I am pro-development. Sorry to all those who are not pro-development. Let’s agree to disagree for this one. However, I am against over-development yeah. I am also against development without a good business plan which ultimately will kill the project and cause even more issues. Today, we talk about Penang Hill. There will be two new hotels on Penang Hill. This will be an addition to the current 12 rooms which is really too few if we are thinking about really making Penang Hill a must-visit place for all visitors to Penang. You see, if we want people to stay the night, there should be MORE good attractions. However, if we want people to stay the night, there must also be MORE rooms. So, more attractions first or more rooms first?
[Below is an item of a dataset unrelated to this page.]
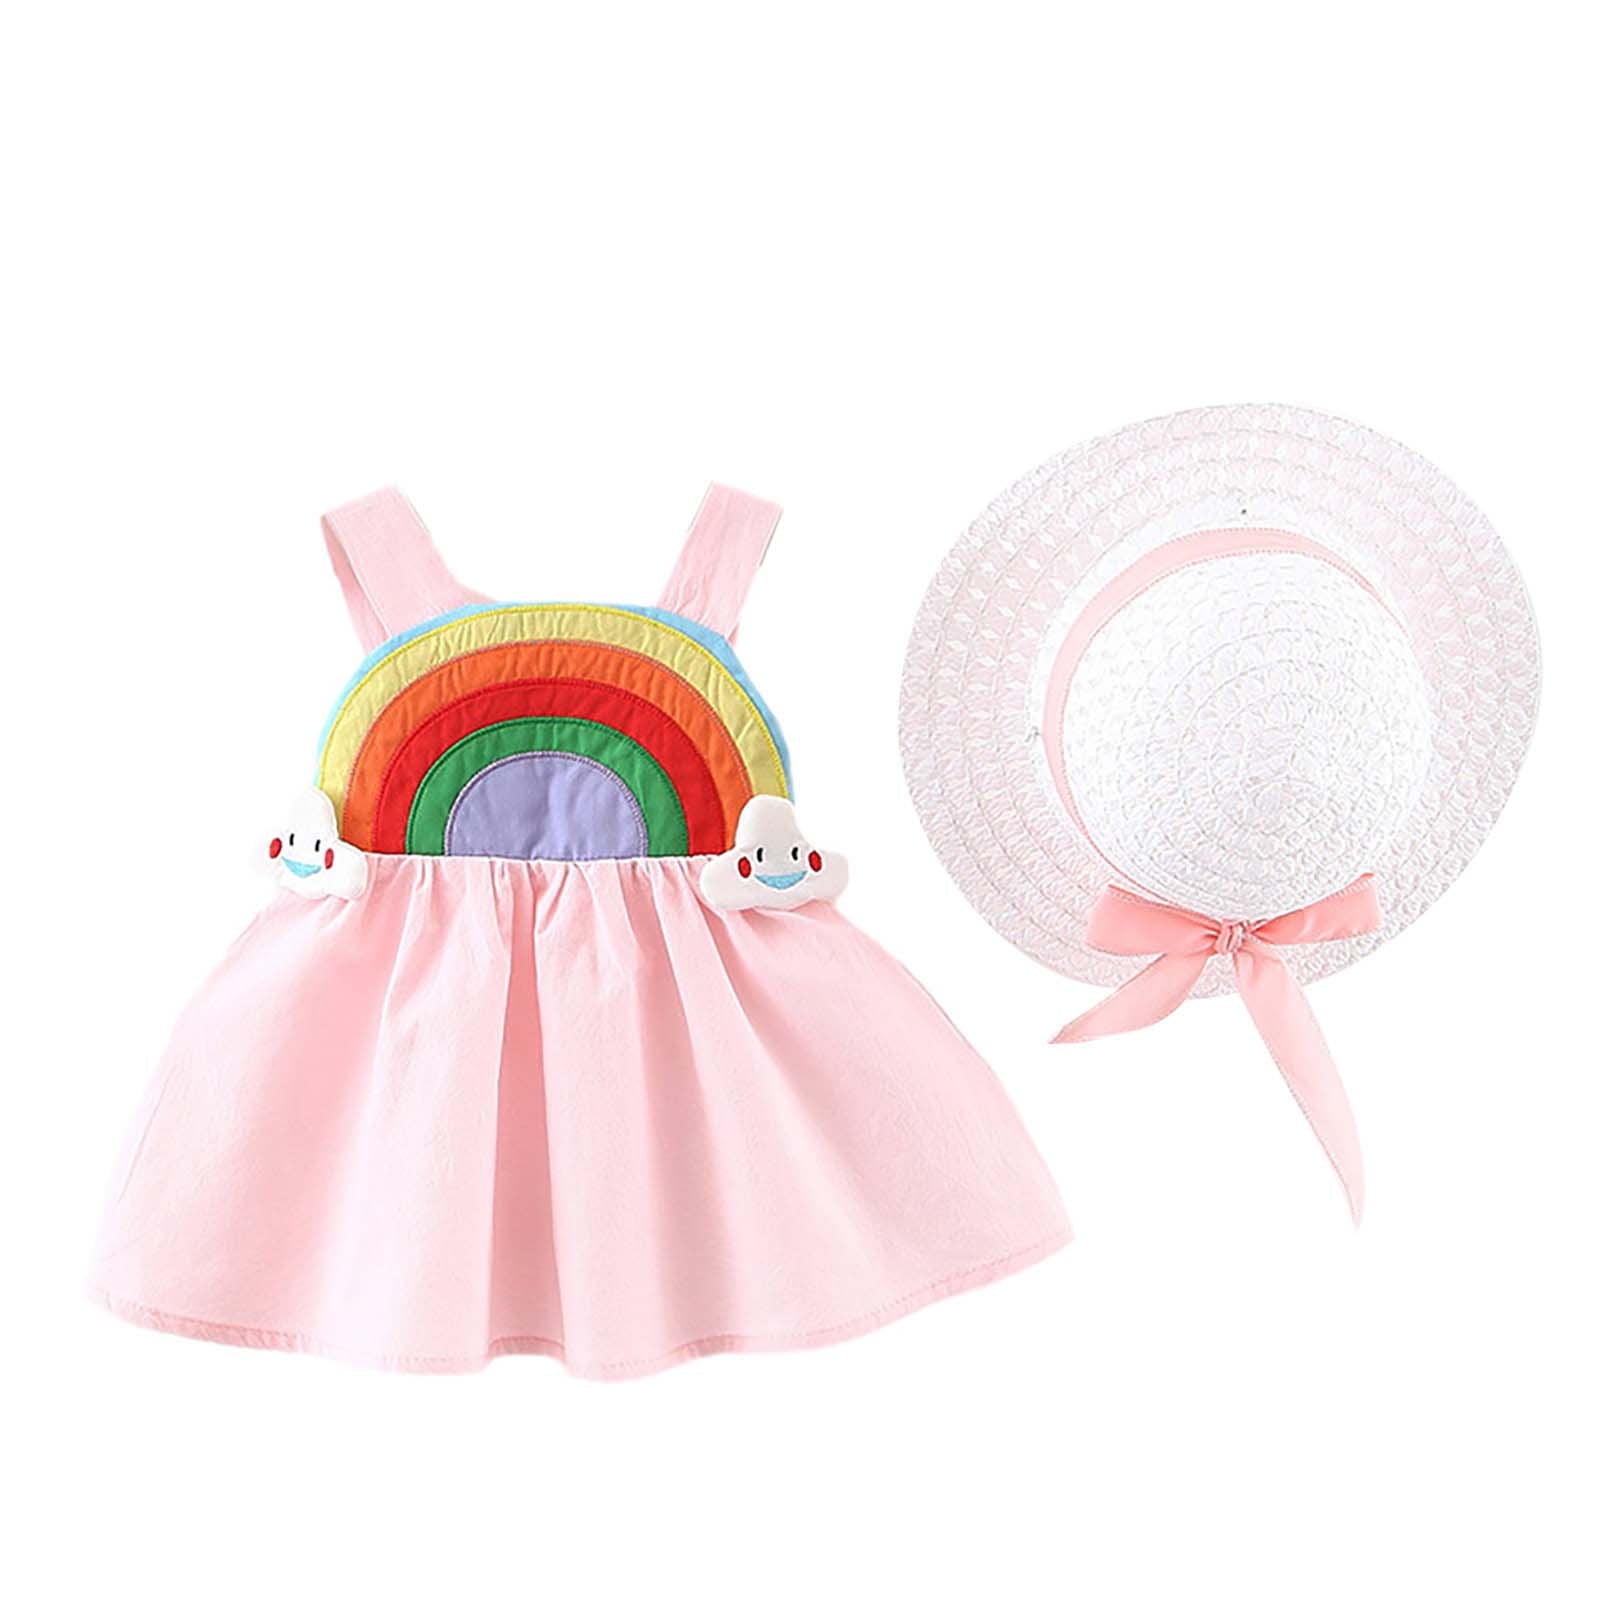 Baby Girls Summer Dresses Hat Sleeveless Rainbow Dress Bowknot Princess Skirt Pleated Flared A line Swing Photogarphy Beach Infant Toddler 0 24 Month 5329f457 7921 4c49 bb09 418ef39cf817.5ca3f7eb8279d1b524986de41c909326

Penang Hill Corporation (PHC) general manager Cheok Lay Leng assured the public that the two hotels would be developed on existing footprint with no hill clearing involved. He said, “PHC is committed to preserving Penang Hill with careful sustainable developments of key infrastructure. This proposal involved the refurbishment of Convalescent Bungalow and the redevelopment of the 13 dilapidated buildings that used to be workers’ quarters along the Coolie Line (Strawberry Valley) at the hilltop. The two hotels won’t be built from scratch. Neither will it be based on the 1989 proposal where there will be hotels, spa, golf course and a casino built on a slope.” Here’s that report in
The last sentence by Cheok is NOT needed because if one day Penang Hill is ready to be managed very responsibly, then even more developments could be welcomed. (By the way, Genting Highlands has nothing less than 7,000 rooms if my understanding is correct and I have been to many well managed hills in overseas including even Switzerland; we could do it too!) We should also seriously think of the many hills where the are far lesser developments than Penang Hill and think, ‘Were they responsibly managed, financially and sustainably? Usually, when the management’s bad, the tourists stop coming and the structure become dilapidated and maintenance would then cost lots of money! What I would like PHC to explain would be on the business side as well. The viability in terms of potential revenue, the number of tourists expected, the strict enforcement during the construction and later, maintenance portion. Without all these additional information, it’s a never ending debate really. Happy following.
written on 21 Nov 2018
Next suggested article:  Penang’s 10.5km tunnel. PIA to town in 15 minutes. Super.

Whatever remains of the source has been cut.